Scientists and weapons merchants, determined to eat and secure their futures, sell their knowledge and wares to other countries.

Whether or not Russia remains a cohesive country, we know from physics and history that power abhors a vacuum. I see two "pessimistic" scenarios, not mutually exclusive:

  1. Russia continues to drift with no real leadership and no real hope of early access to international economic support.

  2. A strong man appears on the horizon determined to reunite a fractious nation. The result: a militarized, embarrassed, poor nationalistic Russia which has far less to lose by using force in its conflicts than did its superpower Soviet predecessor which sought to maintain the status quo. This unhappy scenario I call the Siberian Colonel, for indeed the authoritarian leader may be someone that the West has never heard of.

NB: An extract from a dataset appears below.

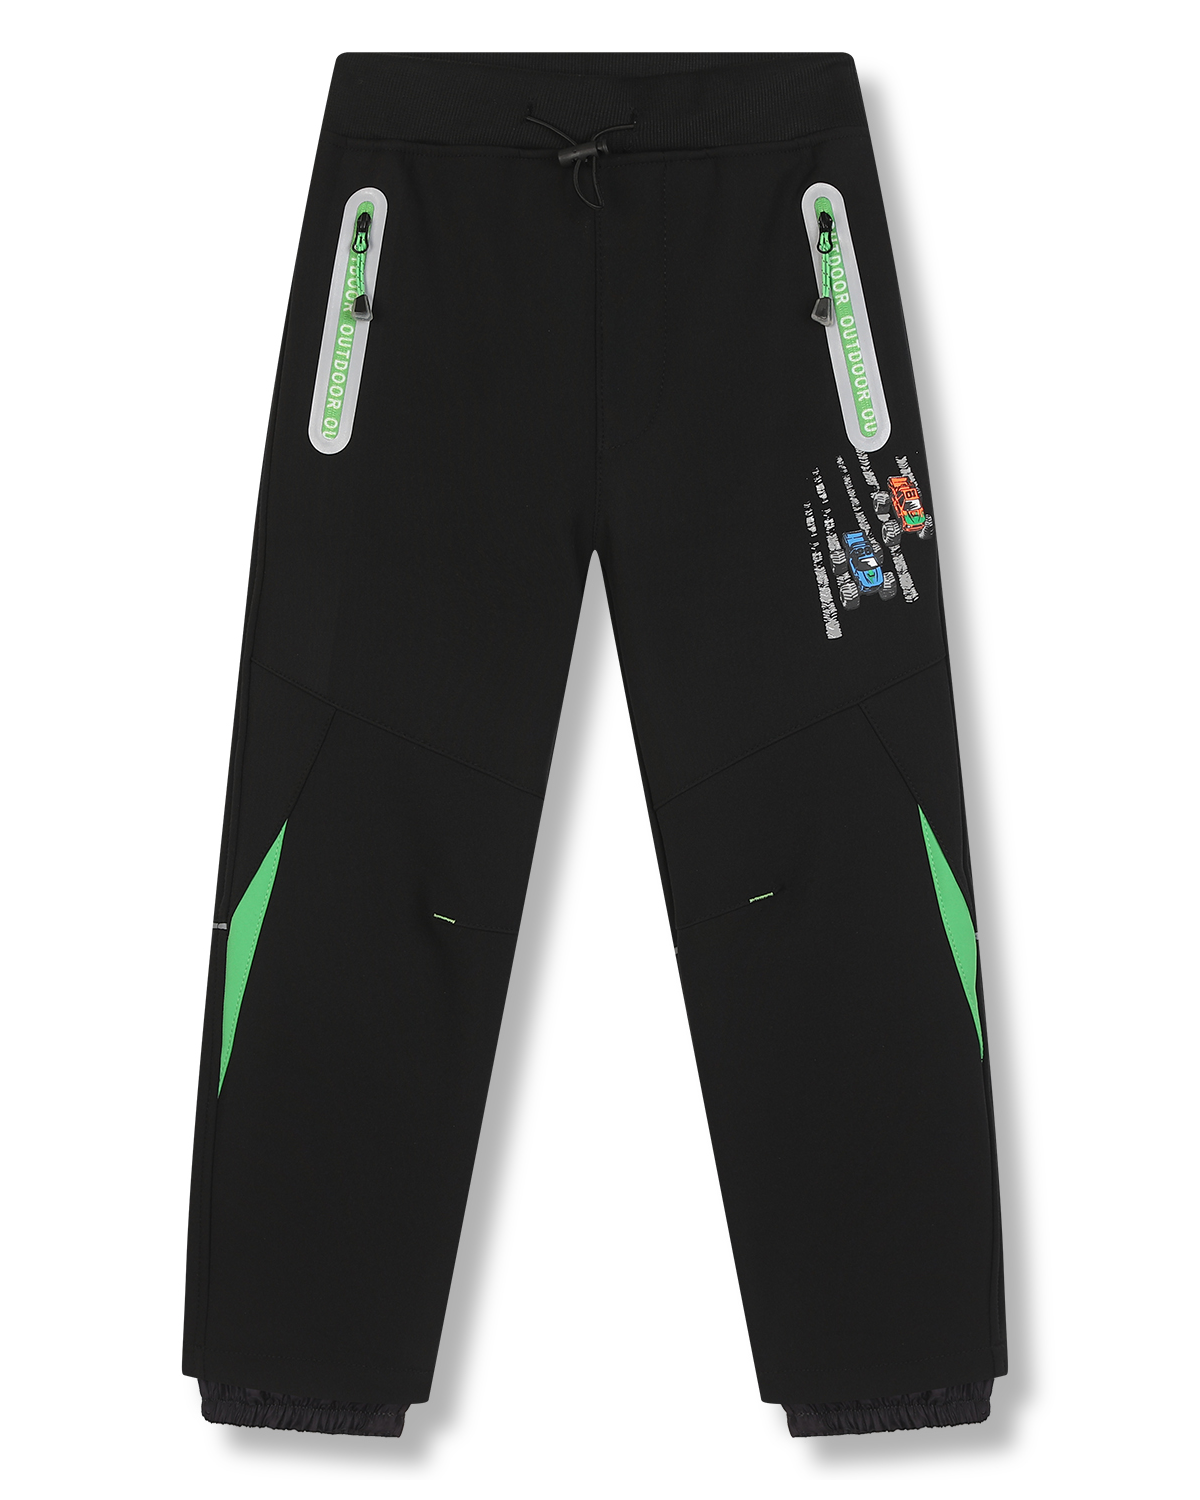 Chlapecké softshellové kalhoty, zateplené - KUGO HK5617, černá / zelené zipy Barva: Černá, Velikost: 104

That's why in 1990 and 1991 I feel that we celebrated a bit too ostentatiously the end of the Cold War and our "victory." There are other prospects for Russia, some less menacing. But if people do not eat and do not feel allegiance to a state that does nothing for them, what have they to lose? Those are dangerous people whom we cannot easily control through normal politics and dialogue, especially when we do not even know whom to talk to, or who, if anyone, is ultimately in control.

For these reasons, I feel we must engage Russia fully and regularly, knowing that we bear certain responsibility for the economic destruction which put the country into its current shape. We shoveled money into the country thinking we could create a capitalist Western democracy. It did not.

Russia is dangerous not because of ideology, but because of lack of leadership and ballast. Our national job in the coming months and years will be to help bring stability to Russia and sooner than later bring Russia and the world together.

So, finally, we live in an uncertain world with the intersection of uncertain hopes and doubts. We are the beneficiaries of the greatest governing system ever devised by the mind of man. It is relevant to our time and to the future. It has capably produced great leadership for our country and for the rest of the world. WE are faced now with great political decisions at home and must deal with great political and military decisions in the rest of the world. As I said in my speech at this place in 1979, I think that it is a little short of disgraceful that such a small proportion of Americans participate in our electoral process, because it is only in that way that we are assured of choosing men and women of caliber to deal with these cataclysmic issues. I have confidence in the future, but it will require a diligent discharge of our responsibilities as conscientious citizens.